Three years after Marcus Johnson's release, the legal system had transformed. The AI judicial system still existed, but it was no longer the final arbiter of justice. Every verdict it delivered was reviewed by a human judge. Every defendant had the right to challenge the algorithm's decision. And every decision was accompanied by an explanation - not just a probability score, but a detailed breakdown of the factors the AI had considered.
Sarah had been appointed to the Federal Algorithmic Accountability Commission, a new body tasked with overseeing AI in government decision-making. The work was exhausting, but rewarding. Every day, she and her colleagues reviewed algorithms, identified bias, and recommended reforms.
"The problem isn't AI itself," Sarah explained to a group of law students during a lecture. "The problem is how we use it. We treated algorithms as if they were objective, as if they could replace human judgment. But algorithms are just tools. They reflect the data they were trained on, and that data reflects our biases."
One student raised her hand. "But what if we could train AI on unbiased data? Could we eliminate bias entirely?"
Sarah smiled. "That's the dream, isn't it? But here's the problem: there is no such thing as unbiased data. Every decision humans have ever made has been influenced by our prejudices, our limitations, our imperfect understanding of the world. We can try to correct for bias, but we can never eliminate it entirely. That's why human oversight is essential."

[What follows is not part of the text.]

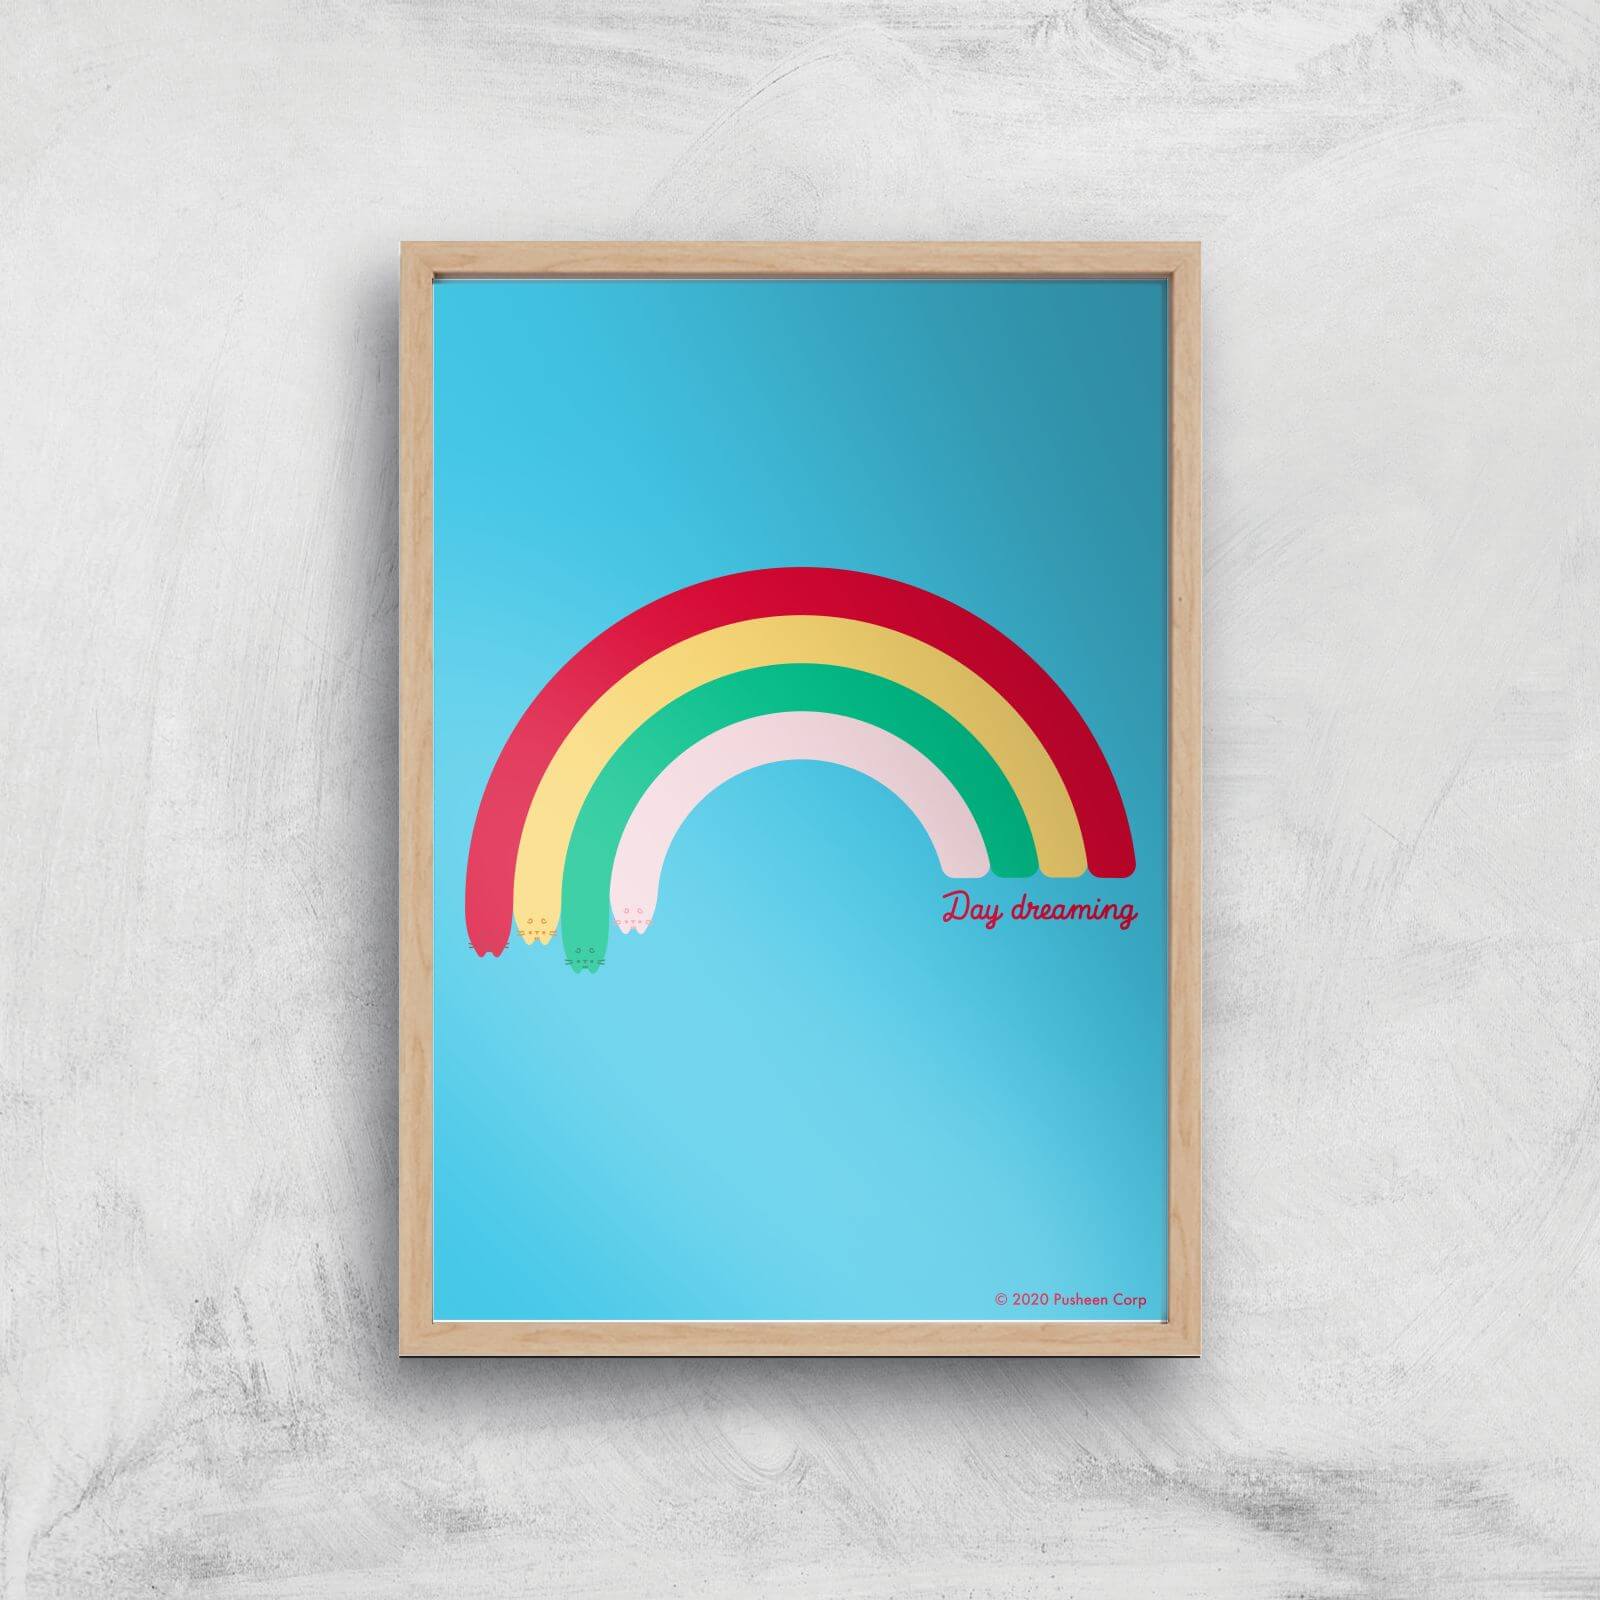 Pusheen Large Rainbow Giclee Art Print - A2 - Wooden Frame

After the lecture, Sarah returned to her office to find a stack of case files waiting for her. The commission was reviewing appeals from defendants who had been convicted by the AI system before the reforms. Each case represented a life that might have been changed by an unjust verdict.
She picked up the first file and began to read. A young woman named Destiny Williams, convicted of fraud based on an algorithm's assessment of her spending patterns. The AI had flagged her transactions as suspicious, but a human review revealed that she had been caring for a sick parent, making unusual withdrawals to pay medical bills.
One by one, she worked through the files. Each case was a reminder of why this work mattered. Each overturned verdict was a small victory in a much larger battle.
The reforms were working. But the work would never be finished. Justice, Sarah had learned, was not a destination - it was a journey.